The bulk_range option was introduced in version 2.1.0.

See the Options section for further details and other options to set.

Coordination numbers only

The coordination number is the unnormalized count of how many molecules of the solvent are within a given distance to the solute. Coordination numbers can be computed for systems where the normalization of the distribution functions is not possible (or needed) because of an ill definition of an ideal-gas state. For example, in highly heterogeneous systems, on in systems with only a few molecules of the "solvent", the density of the bulk solution might not be properly defined.

In these cases, nevertheless, coordination numbers can be computed and still provide valuable information about the molecular structure of the system. Coordination number can be computed also from the results obtained from a mddf run, as explained in the corresponding section of the Tools menu.

The coordination_number function, called with the same arguments as the mddf function, can be used to compute coordination numbers without the normalization required for the MDDF, providing (possibly much) faster computations when the normalization is not possible or required:

ComplexMixtures.coordination_numberMethod
coordination_number(
    trajectory_file::String, 
    solute::AtomSelection,
    solvent::AtomSelection, # optional: if omitted, an auto-correlation will be computed
    options::Options=Options(); # optional: if omitted, default options will be used
    # optional keywords:
    trajectory_format="", 
    frame_weights = Float64[], 
    low_memory = false, 
)

Computes the minimum-distance coordination number and atomic contributions, given the trajectory file name, and the definition of the solute and solvent groups of atoms as AtomSelection data structures. If the solvent parameter is omitted, a self-coordination number will be computed.

The output is a Result structure, which contains the data as the result of a call to mddf, except that all counters which require normalization of the distribution will be zero. In summary, this result data structure can be used to compute the coordination numbers, but not the MDDF, RDF, or KB integrals.

The options parameter is optional. If not set, the default Options() structure will be used.

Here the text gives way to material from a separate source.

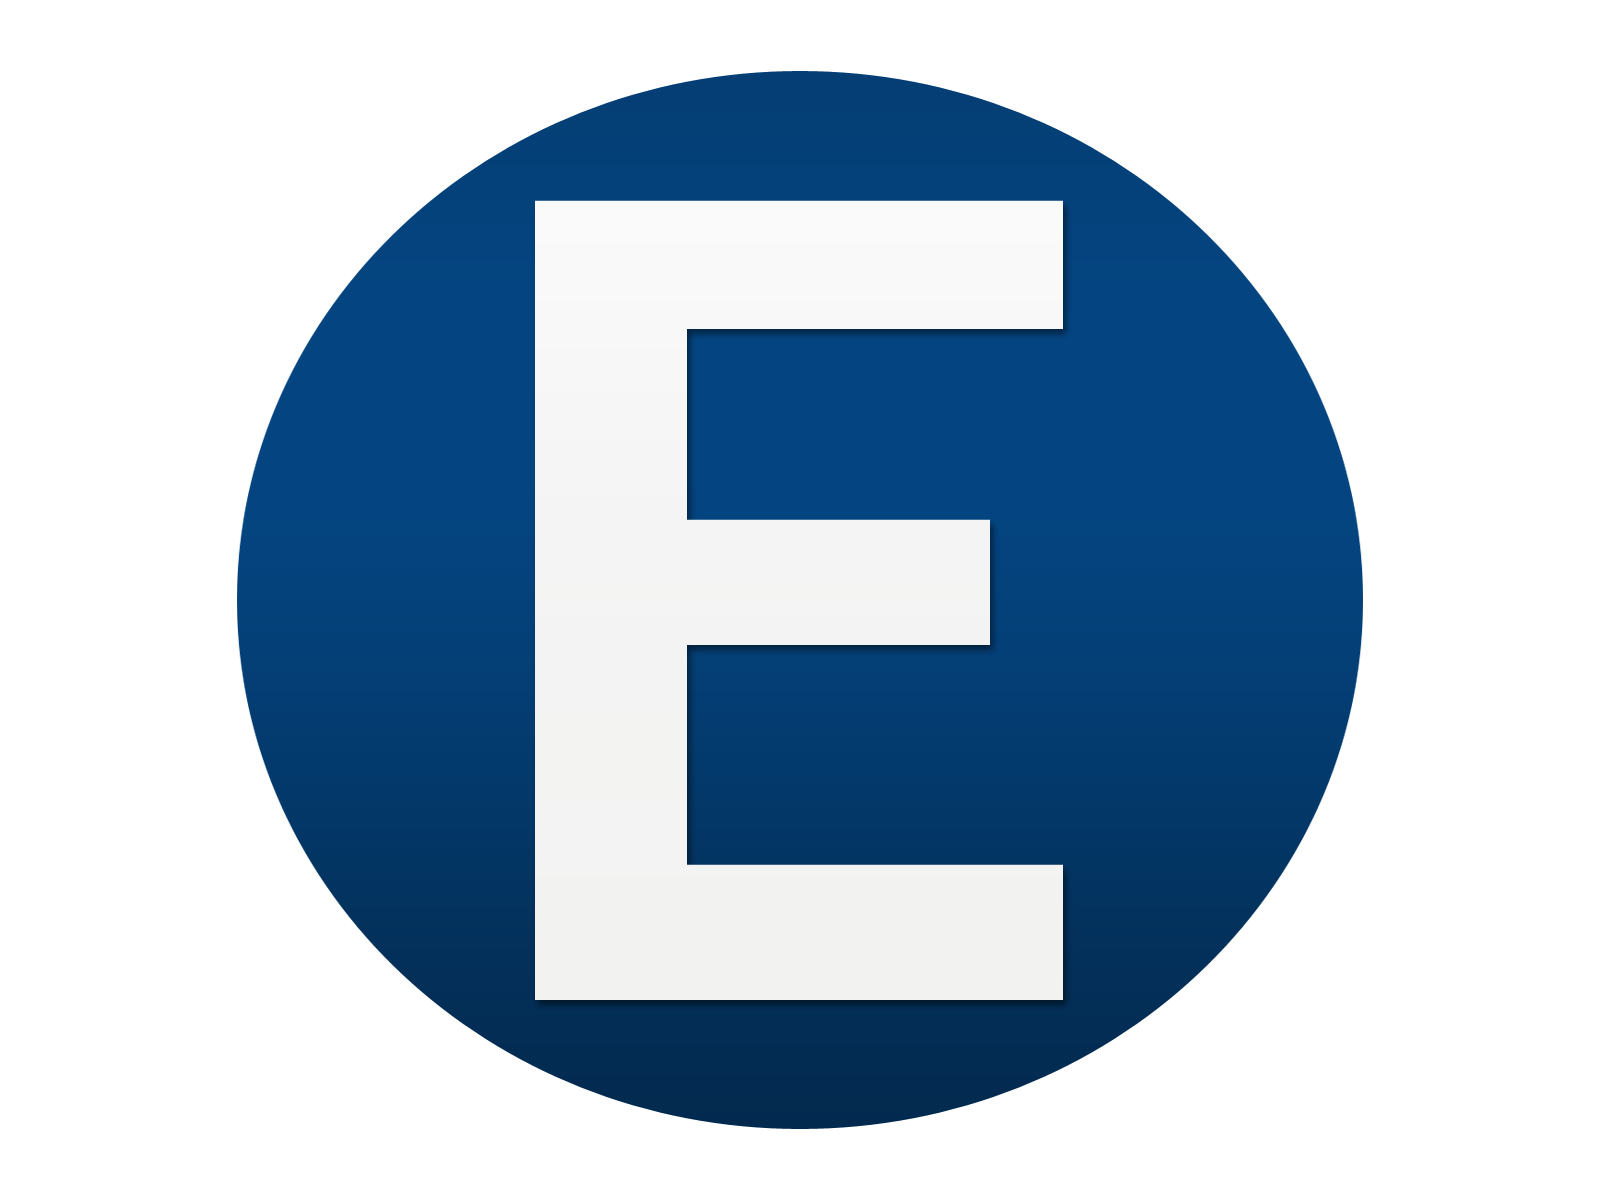 Blue and White E Logo - Blue White Letter E Logo Design PNG « Free To Use Images & Photos ...

Optional execution keywords

  • trajectory_format is a string that defines the format of the trajectory file. If not provided, the format will be guessed from the file extension, and the Chemfiles library will be used to read the trajectory.

  • frame_weights is an array of weights for each frame of the trajectory. If this is provided, the MDDF will be computed as a weighted average of the MDDFs of each frame. This can be used to study the solvation dependency in perturbed ensembles.

  • low_memory can be set to true to reduce the memory requirements of the computation. This will parallelize the computation of the minimum distances at a lower level, reducing the memory requirements at the expense of some performance.

  • chemfiles is a boolean that, if set to true, will use try to use the Chemfiles library to read the trajectory file. independently of the file extension. By default, PDB and DCD trajectories are read by specific readers.

Compat

The current call signature was introduced in version 2.9.0. The previous call signature with the previous construction of the Trajectory object, is still available, but it is no longer recommended because it more prone to user-level solute and solvent configuration errors.

Examples

julia> using ComplexMixtures, PDBTools

julia> using ComplexMixtures.Testing: data_dir

julia> atoms = readPDB(joinpath(data_dir,"NAMD/structure.pdb"));

julia> solute = AtomSelection(select(atoms, "protein"), nmols=1);

julia> solvent = AtomSelection(select(atoms, "resname TMAO"), natomspermol=14);

julia> options = Options(lastframe=10, bulk_range=(10.0, 15.0));

julia> trajectory_file = joinpath(data_dir,"NAMD/trajectory.dcd");

julia> results = coordination_number(trajectory_file, solute, solvent, options);
source
Note

The mddf, kb, and random count parameters will be filled with zeros when using this options, and are meaningless.